What you will do: Transcribe, exactly and without pictures, the lines below from the line with "Motivational Keep Moving" to the line with "Darkened close up", both ends included, and no others.
··· Dataset extract ···
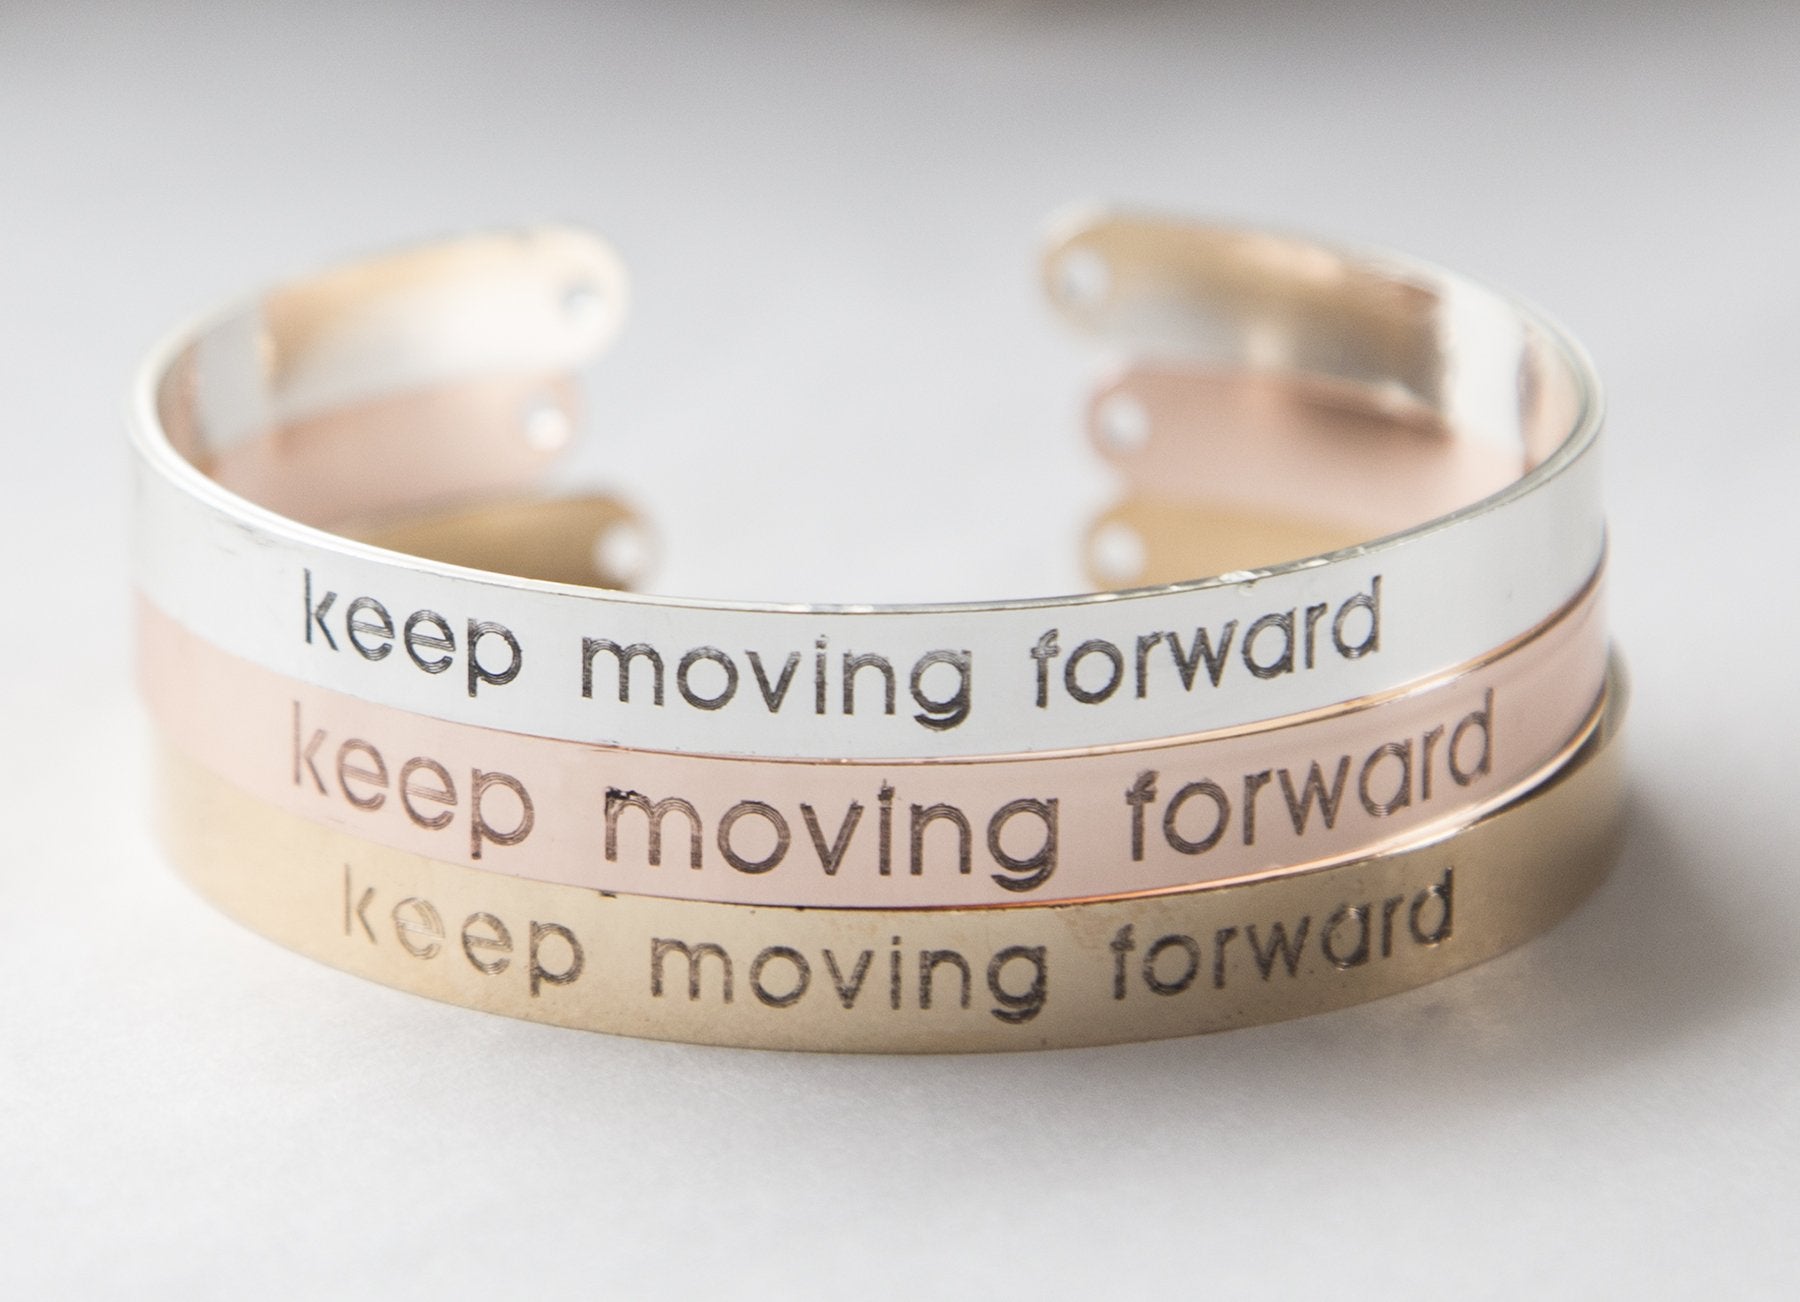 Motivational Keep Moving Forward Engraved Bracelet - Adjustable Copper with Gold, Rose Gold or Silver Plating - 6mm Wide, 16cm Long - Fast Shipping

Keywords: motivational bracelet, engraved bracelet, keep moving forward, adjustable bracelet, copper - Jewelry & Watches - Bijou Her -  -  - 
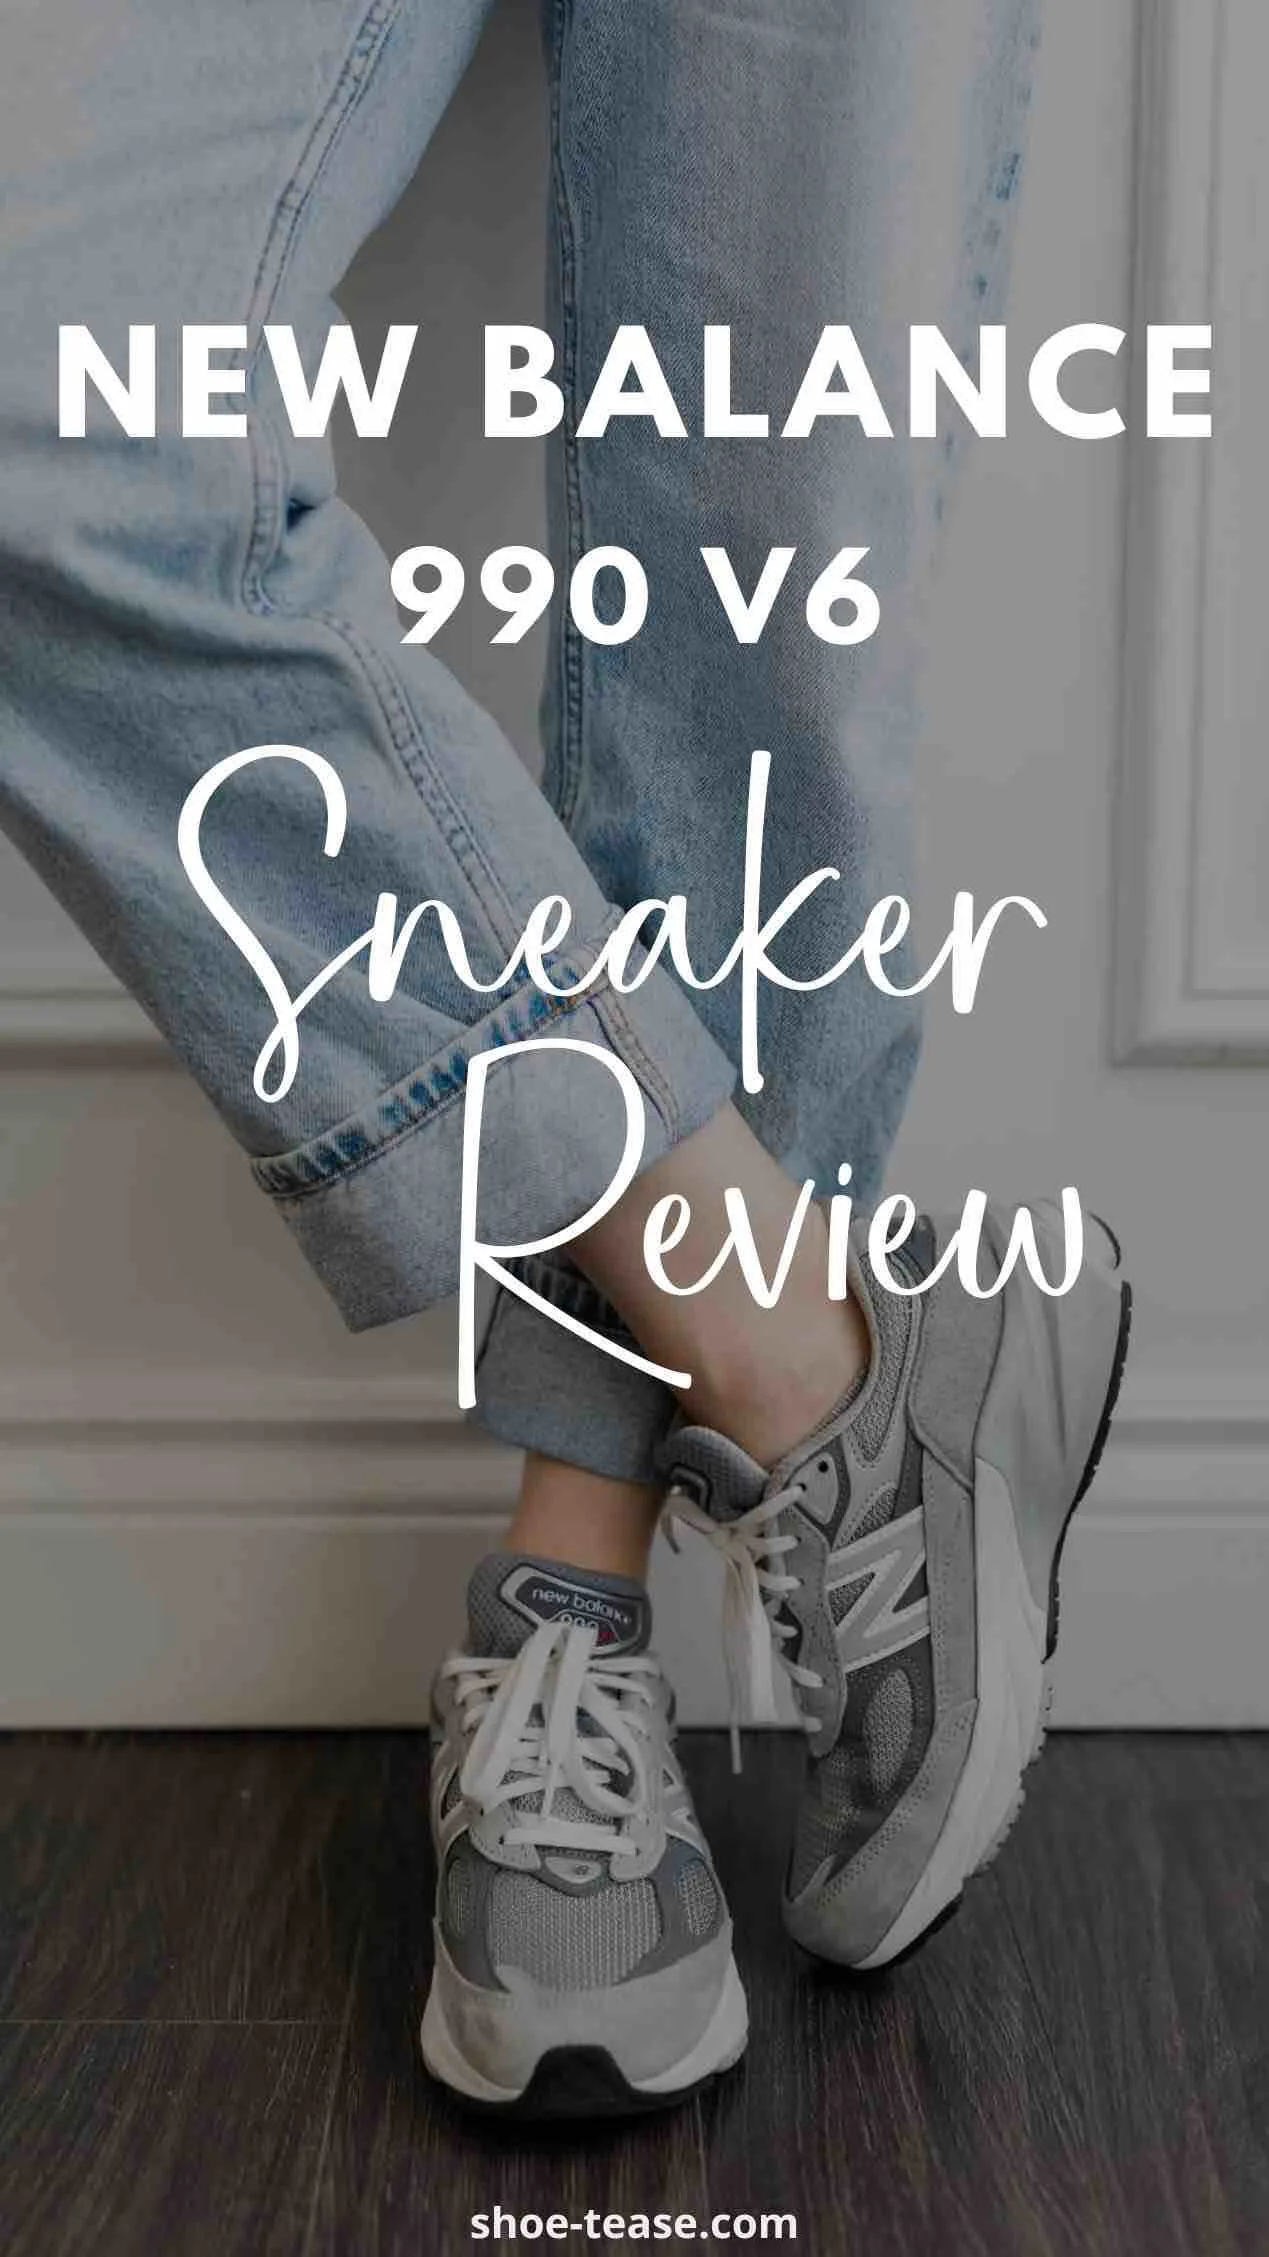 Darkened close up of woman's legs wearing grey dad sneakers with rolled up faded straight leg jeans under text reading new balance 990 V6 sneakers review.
···
··· Dataset extract ···
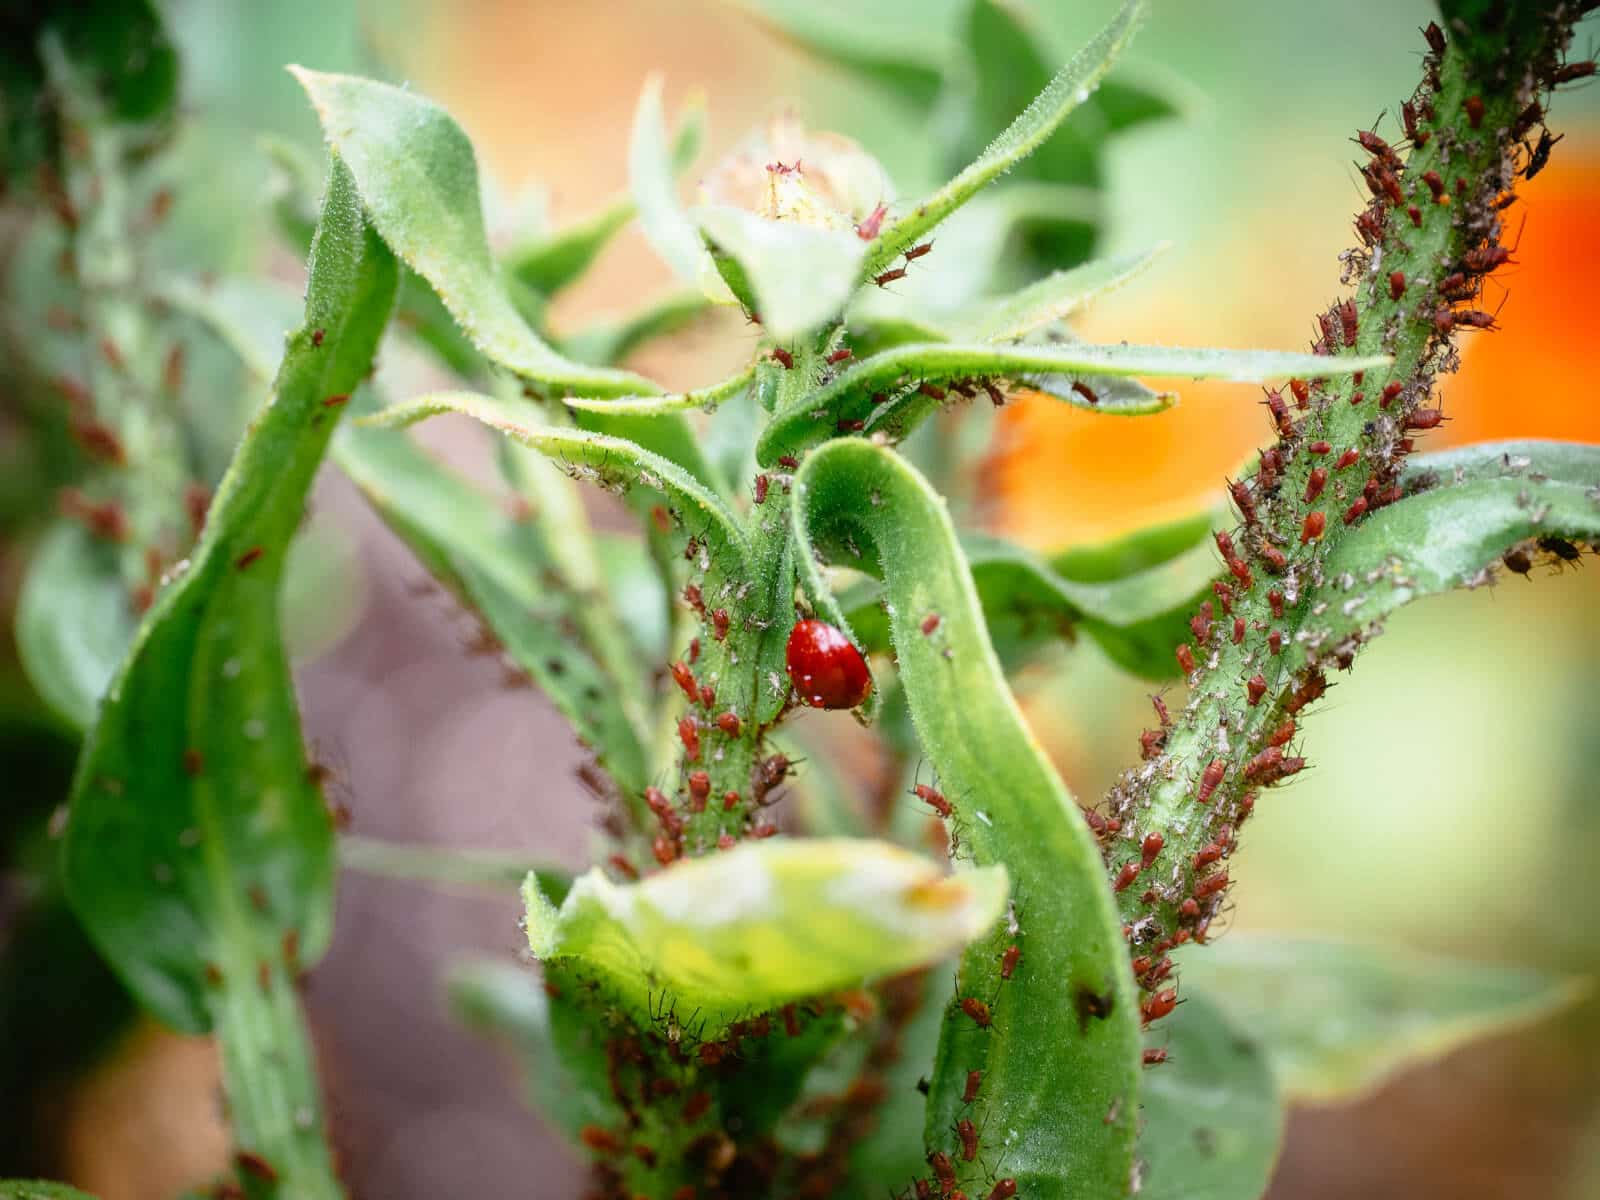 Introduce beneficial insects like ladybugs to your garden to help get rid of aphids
···
··· Dataset extract ···
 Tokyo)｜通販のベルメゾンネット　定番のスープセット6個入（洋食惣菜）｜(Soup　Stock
···
Expected output:
 Motivational Keep Moving Forward Engraved Bracelet - Adjustable Copper with Gold, Rose Gold or Silver Plating - 6mm Wide, 16cm Long - Fast Shipping

Keywords: motivational bracelet, engraved bracelet, keep moving forward, adjustable bracelet, copper - Jewelry & Watches - Bijou Her -  -  - 
 Darkened close up of woman's legs wearing grey dad sneakers with rolled up faded straight leg jeans under text reading new balance 990 V6 sneakers review.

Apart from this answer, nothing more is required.